In some aspects, the replication state information 210 may include data about the current state of replication for the virtual machine 114. This information may include details such as which blocks of the storage disk 116 have been replicated, timestamps of the most recent replication events, and the like. Specifically, the replication state information 210 may include a map of sectors of the storage disk 116, indicating which have been modified. The map may be a bitmap, a B-tree, a hash table, or the like. In some implementations, the replication state information 210 is a bitmap, which is read from the data change driver 202 and provided to the data change filter 124 to be merged with an existing bitmap of the data change filter 124.

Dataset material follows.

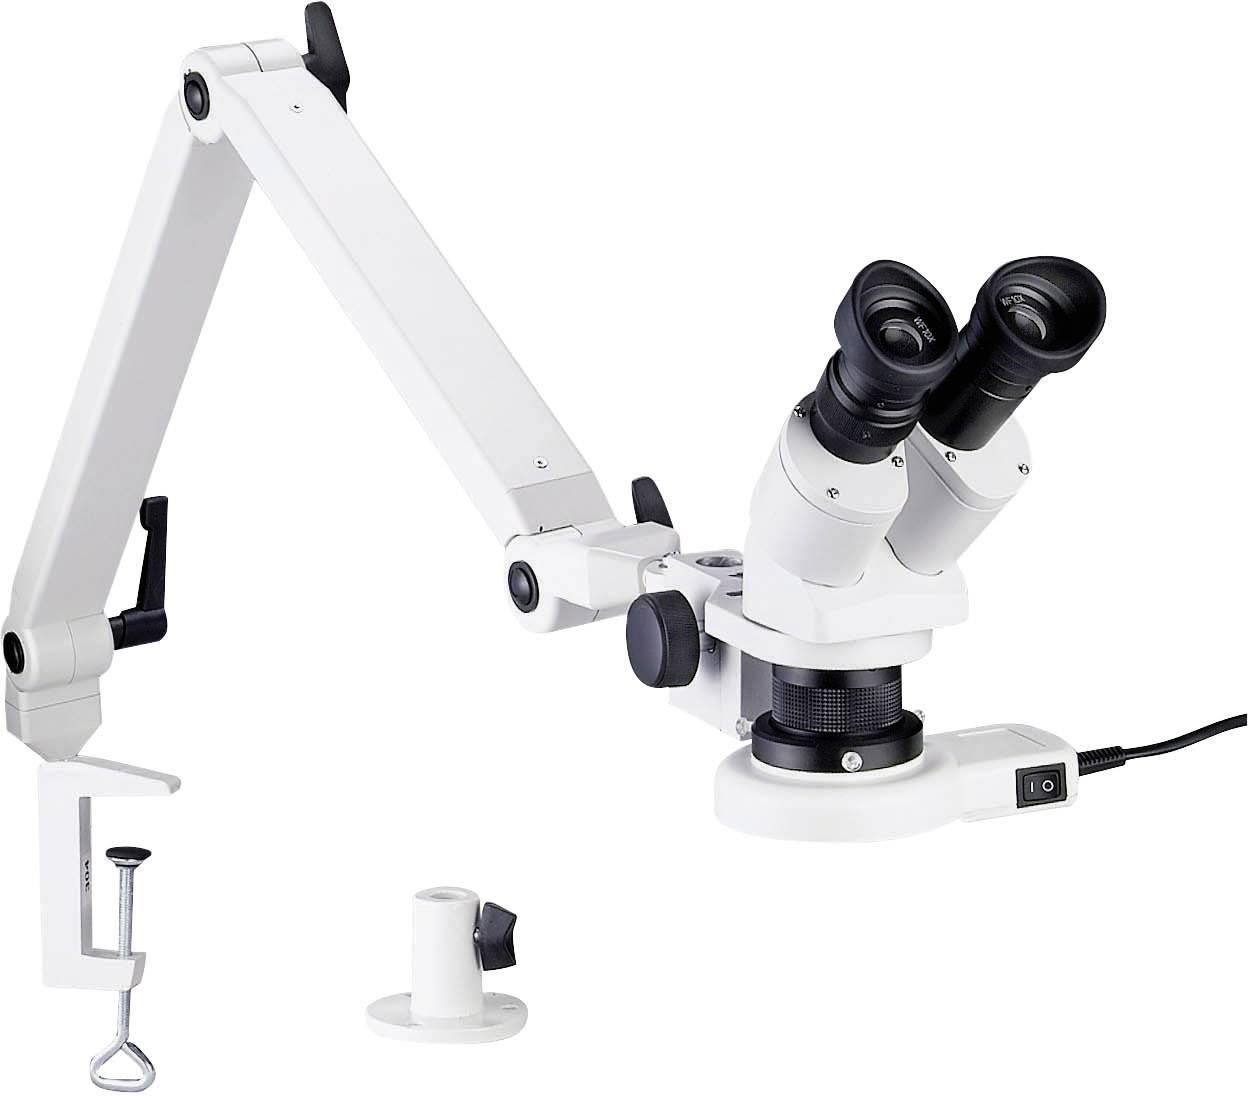 Stereomikroskop Bernstein 9-158, binokulárny, 20 x

In FIG. 2E, a migration status for the data change filter 124 may be marked as complete. The replication management service 122 may update the system information to indicate that the data change filter 124 is now the primary component for intercepting and replicating data change operations 206 of the virtual machine 114. The data change driver 202 may then be deactivated from use with the virtual machine 114. The replication management service 122 may update configuration files, databases, or the like to reflect the completed migration from the data change driver 202 to the data change filter 124. For example, the replication management service 122 may use a database to track which hypervisors still need to be migrated from the driver-based interceptor to the filter-based interceptor, and that database may be updated after each migration process is complete.

Optionally, the data change driver 202 may be uninstalled from the hypervisor 112, as indicated by dashed lines in the figure. The uninstall process may be performed automatically by the replication management service 122 or manually by a system administrator. In some implementations, the replication management service 122 may perform cleanup operations, such as clearing any remaining buffers associated with the data change driver 202. Additionally, the replication management service 122 may update configuration files in the hypervisor 112 as part of the uninstall process.

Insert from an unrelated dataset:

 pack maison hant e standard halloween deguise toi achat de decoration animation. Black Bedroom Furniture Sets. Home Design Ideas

The migration process may be considered complete when certain conditions are met. First, the replication processing service 126 may have successfully identified the transition point (e.g., the matching data change operation 206M or another operation offset therefrom) in both streams 204A, 204B and transitioned to processing the data change operations 206 solely from the second stream 204B. Second, the replication state information 210 may be successfully merged into the data change filter 124. Once these conditions are satisfied, the replication management service 122 may deactivate the data change driver 202. The system may notify an administrator that the migration process is complete. At this point, the administrator may choose to uninstall the data change driver 202 from the hypervisor 112, finalizing the transition to filter-based replication.

Failures may occur during the replication process. A failure may include an interruption in the communication channel between the data change driver 202 or data change filter 124 and its corresponding replication processing service 126. Additionally or alternatively, a failure may occur if the replication processing service 126 at the active site becomes disconnected from the replication processing service at the backup site, preventing data change operations 206 from being replicated between sites. In such cases, buffers storing the data change operations 206 at the data change driver 202, replication processing service 126, and/or data change filter 124 may become overloaded. Data change operation 206 may be lost when they are unable to be buffered. The recovery process for these failures may vary depending on when the failure occurs.

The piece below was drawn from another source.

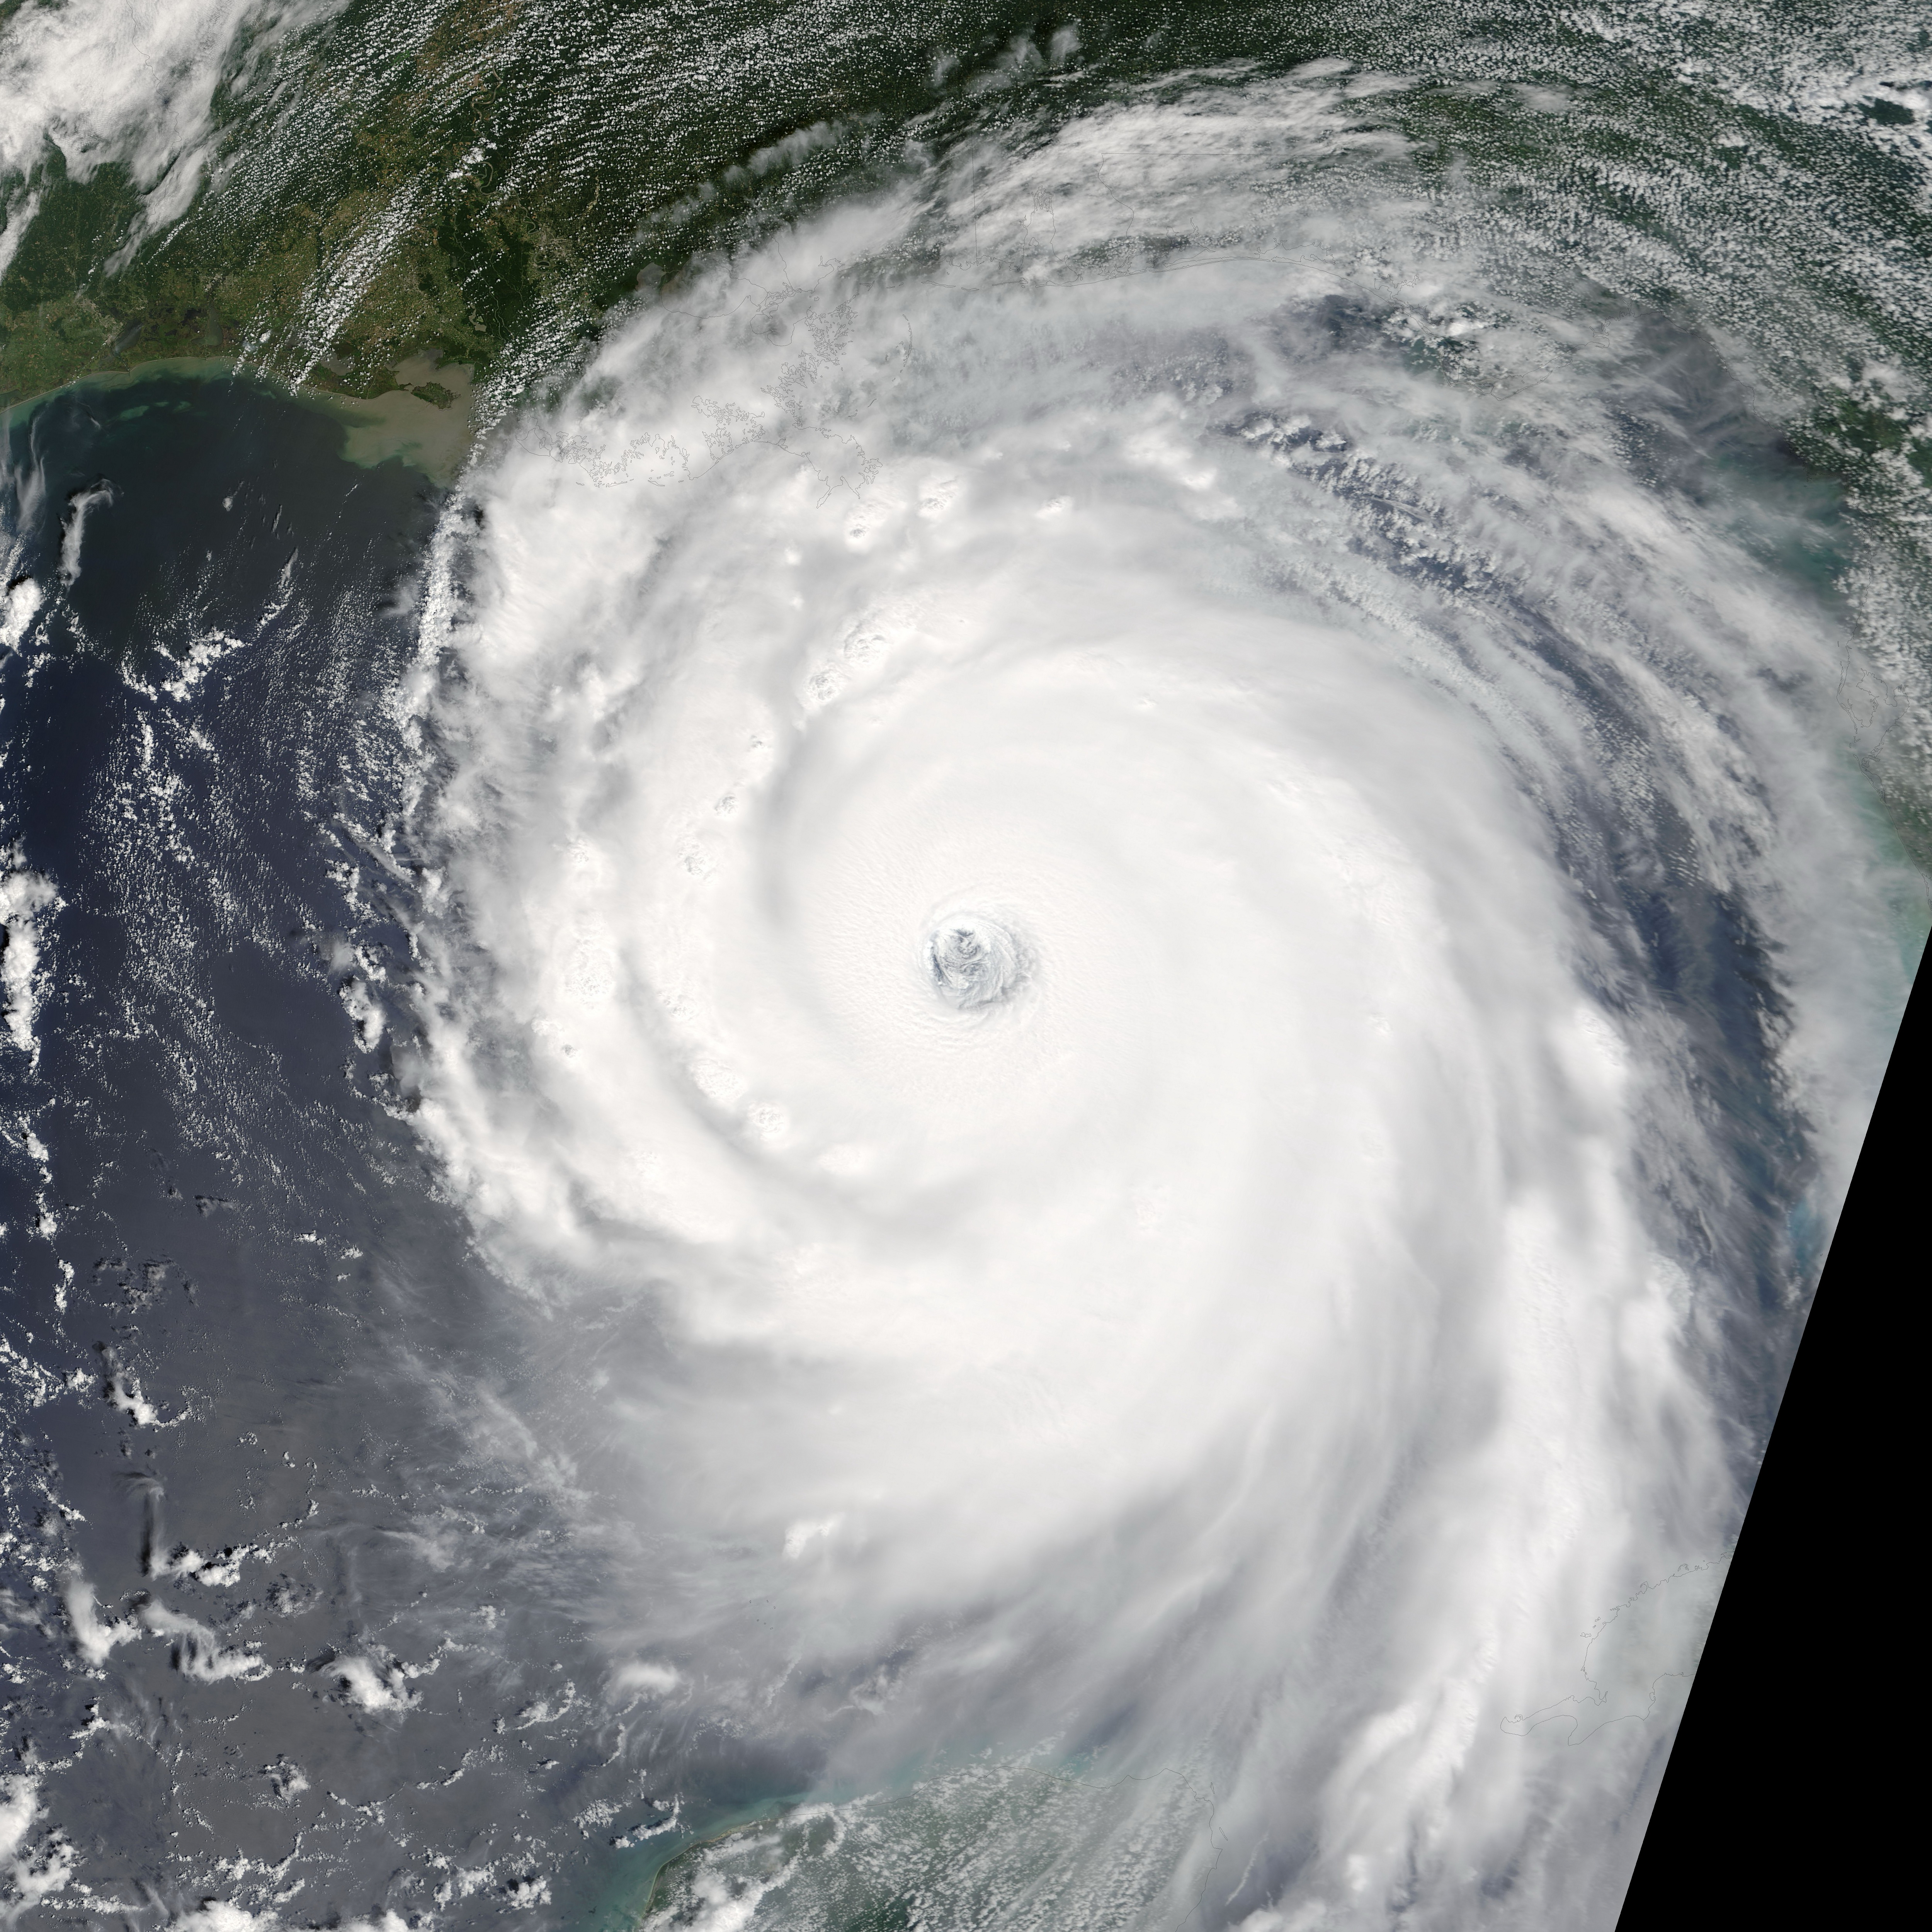 descriptive essay on hurricane katrina

If a failure occurs after the migration process from the data change driver 202 to the data change filter 124 is complete, the recovery process may use the replication state information 210 (see FIG. 2D) to gracefully reconstruct and replicate a lost data change operation 206L. The lost data change operation 206L may be an operation that occurred before the matching data change operation 206M (and thus was received in the stream from the data change driver 202) or may be an operation that occurred after the matching data change operation 206M (and thus was received in the stream from the data change filter 124). For example, the lost data change operation 206L may be an operation that was received by the replication processing service 126 from the data change driver 202, but could not be replicated from the replication processing service 126 to the backup site due to network failures. The replication state information 210 may be a map of areas of the storage disk 116, containing an entry for each data change operation 206 that was sent to the replication processing service 126. To reconstruct the lost data change operation 206L, the system may read and replicate one or more areas of the storage disk 116 marked by the replication state information 210 that correspond to the lost operation. Effectively, the replication state information 210 may form a list of data change operations 206 that have been processed. Synchronizing the replication state information 210 from the data change driver 202 to the data change filter 124 may allow the data change filter 124 to gracefully reconstruct the lost data change operation 206L using state information even when that operation was intercepted by the data change driver 202 before transition.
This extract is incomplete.